Putting this in context, one estimate indicated that, with a 99.9 per cent error-free medication rate, a 600-bed teaching hospital would still experience 4,000 drug errors a year. Another estimate suggested that a district general hospital might experience two or three serious errors each week.

Some causes of prescribing errors had been identified in a paper published in The Lancet earlier this year, he said. Out of 88 potentially serious prescribing errors identified in the research, 57 per cent were the result of skill-based slips or lapses (eg, adding a new drug to a chart without crossing off the old one). A further 39 per cent were made through so-called rule-based mistakes (eg, not knowing that the dose of ciprofloxacin should be reduced in renal impairment).

The Government was committed to reducing medication errors and had identified targets, including the reduction of serious errors with prescribed medicines by 40 per cent by 2005. Given that there was no accurate baseline, it was unclear how progress towards this target would be measured, Dr Smith said.

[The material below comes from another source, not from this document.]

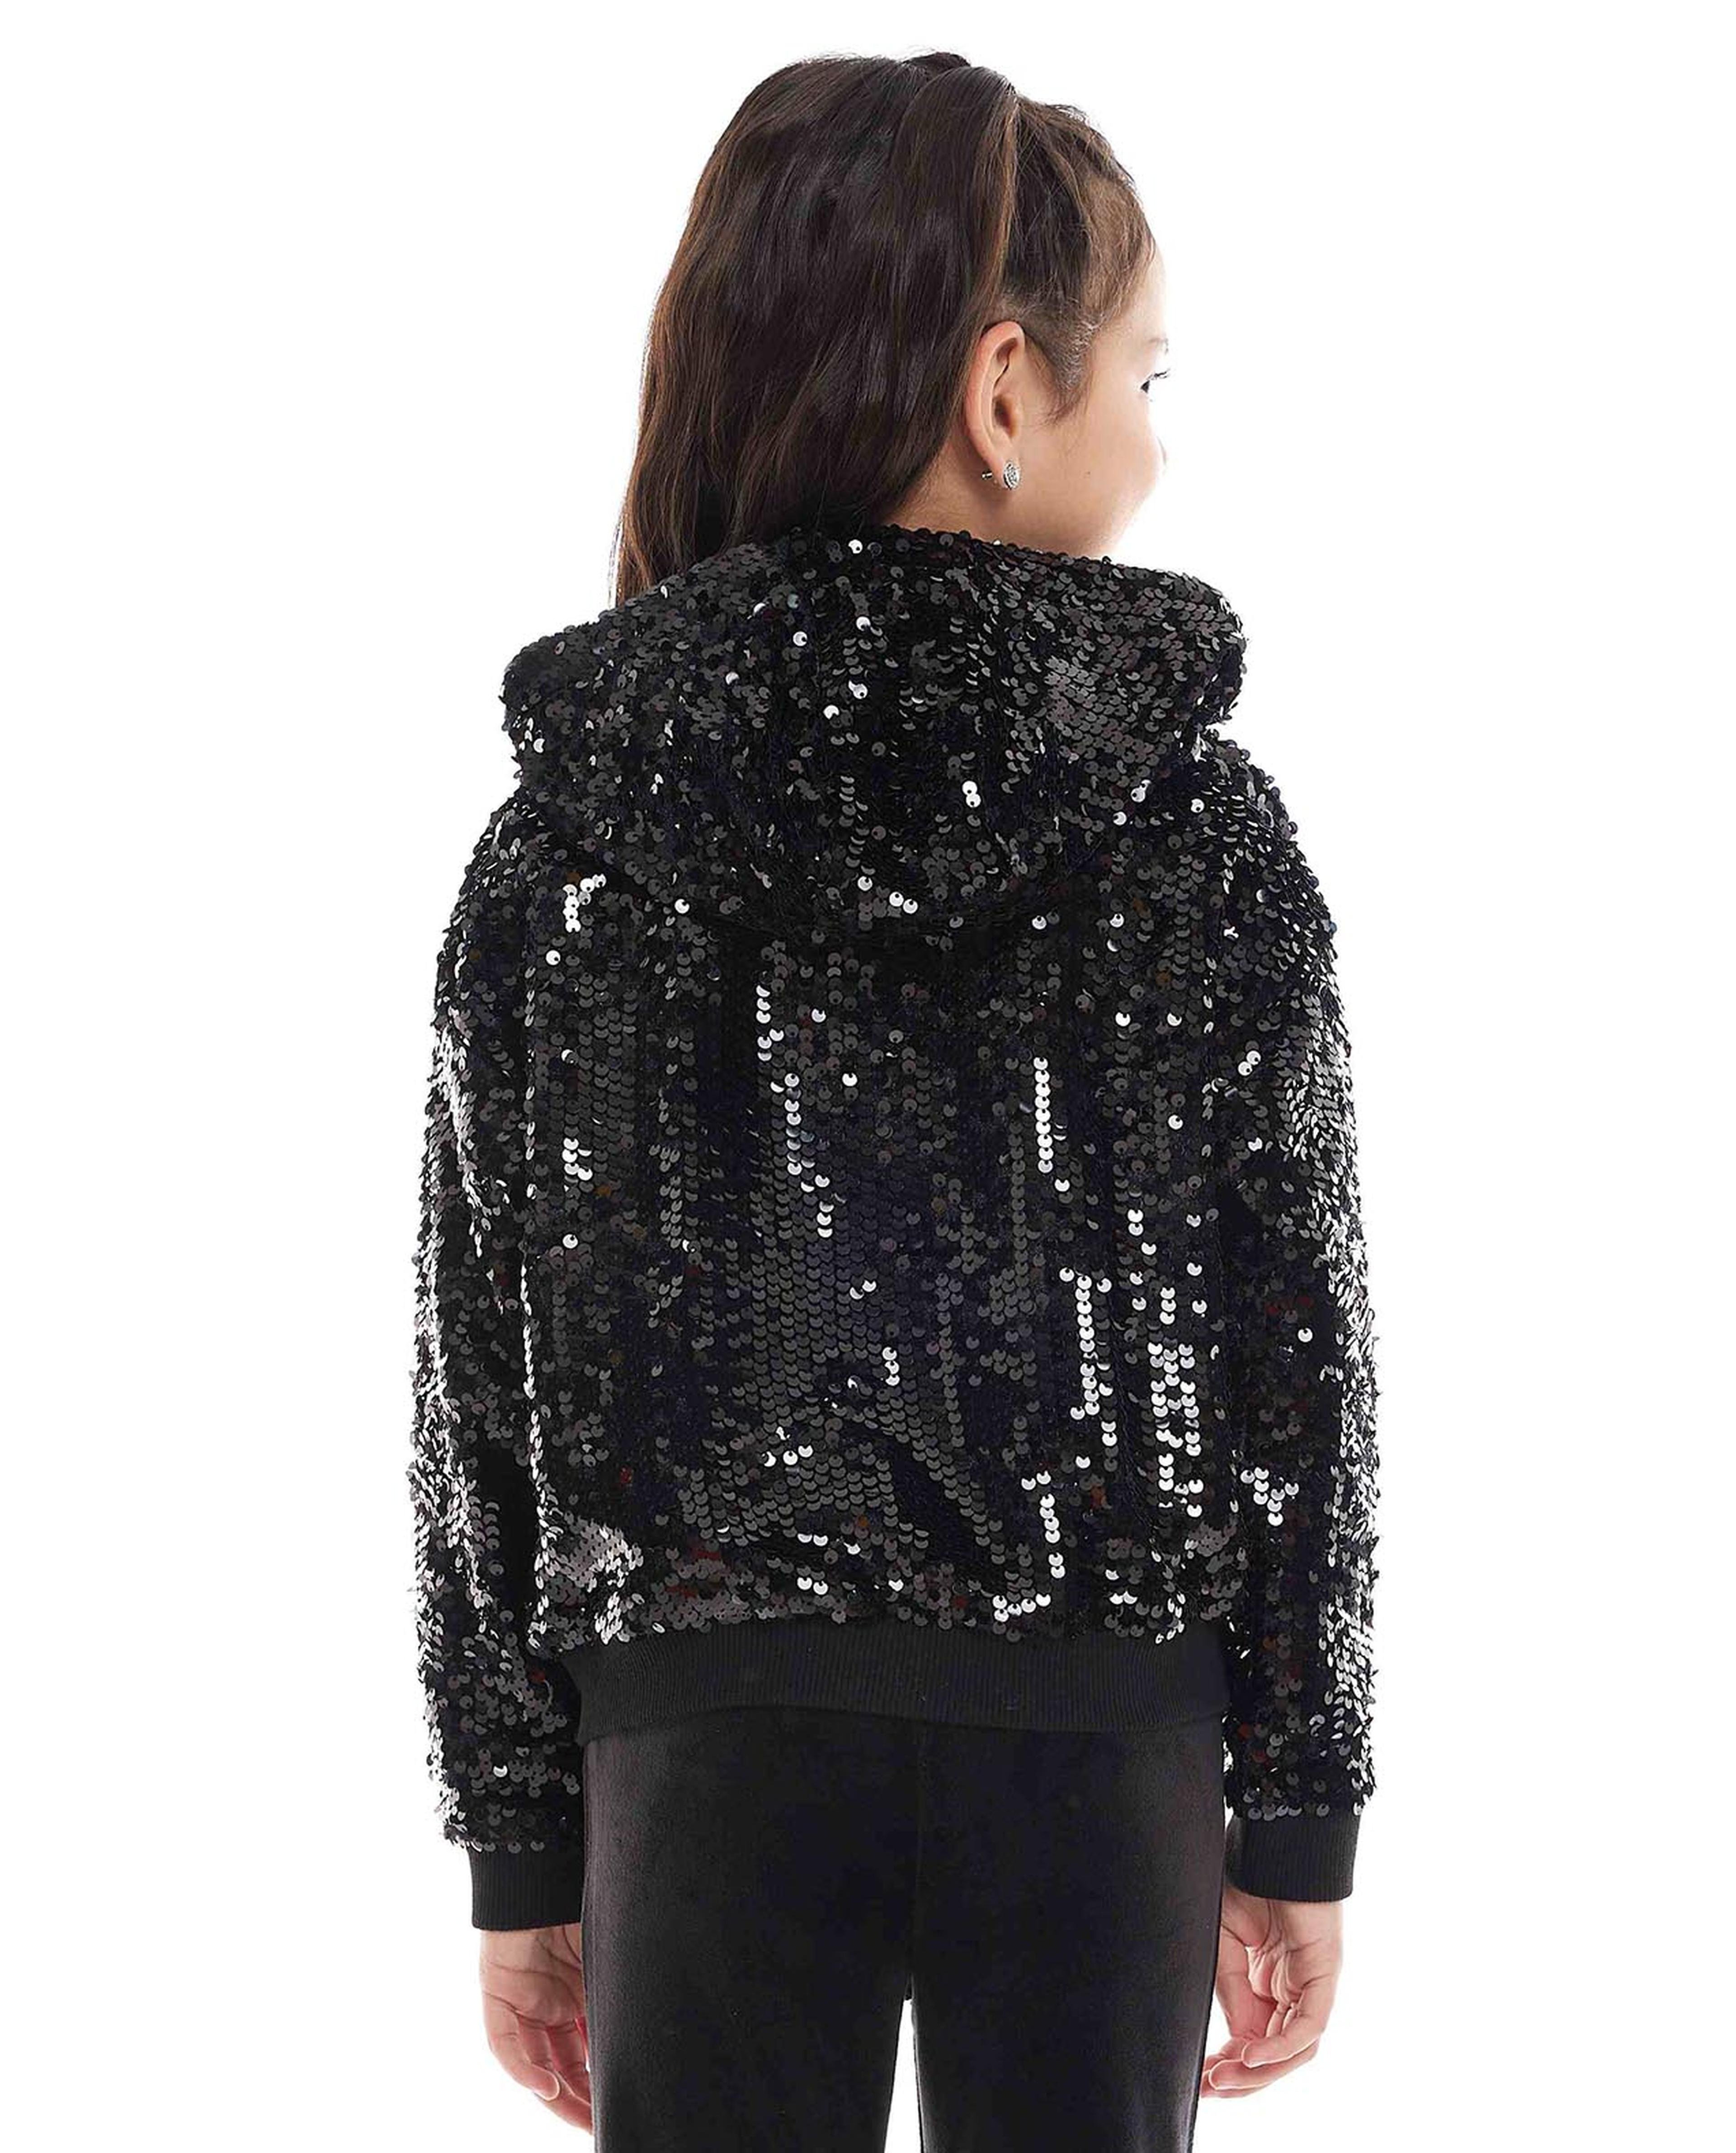 Sequined Hooded Jacket with Zipper Closure

What was clear, however, was that medication errors could not be reduced by application of a single solution. A range of measures, such as enhanced reporting and dissemination, improved training, better access to information and decision support, streamlining of systems, procedures and communication, especially at the primary/ secondary care interface, together with active management in all National Health Service organisations, were required, he concluded.

The BNF

Dr ROBIN FERNER, consultant physician, West Midlands centre for adverse drug reaction reporting, Birmingham, highlighted the role of the British National Formulary in helping prescribers to be well informed, safe and effective. "To venture out into prescribing without a BNF is like travelling into Transylvania without a clove of garlic and a crucifix. In short, you need the protection," he said.

Professor MARTIN KENDALL, chairman of the BNF Joint Formulary Committee and professor of clinical pharmacology and therapeutics, Birmingham medical school, added that although the BNF was now over 800 pages long, it still fitted in the pocket. The BNF was unique it that pulled together all available information, including guidance from the National Institute for Clinical Excellence (NICE), advice from experts and the collective wisdom of its editorial staff.

Professor JUDITH CANTRILL, School of Pharmacy and Pharmaceutical Sciences, University of Manchester, said that many health care professionals did not know what was in the BNF and that pharmacy students in Manchester were trained how to use it before leaving university.

Guidelines at the point of care

A crucial issue for clinical prescribers was having appropriate prescribing guidance readily available at the point of care said Dr JONATHAN RAY, consultant chemical pathologist, Oxford Radcliffe Hospitals. Practitioners were besieged with guidelines, protocols and frameworks, some of which were evidence-based, but some of which were not. Some were generated locally; others by professional and government bodies. Identifying guidelines appropriate to the clinical context and the individual patient was a minefield.

Even with relevant, validated, evidence-based guidance, there was little chance of affecting practice without the appropriate technology to deliver the guidance, he said. Use of intranets and handheld computers to be used at the point of care could be helpful but needed to be evaluated. Moreover, embedding certain guidelines and not others in clinical computer systems could reduce pressures on staff by reducing choices, but threatened clinical freedom and altered where responsibility for clinical decision-making lay.

ETP update

Professor Sir JOHN PATTISON, director of research, analysis and information, Department of Health, updated participants on the electronic transfer of prescriptions (ETP) project. Of the three consortia in the pilots Pharmacy2U was up and running and had processed its first prescriptions at the end of March. Both the Transcript consortium and the SchlumbergerSema consortium were due to start in early June and would run for six months. Evaluation would be conducted in December 2002, with a report following as soon as possible, he said.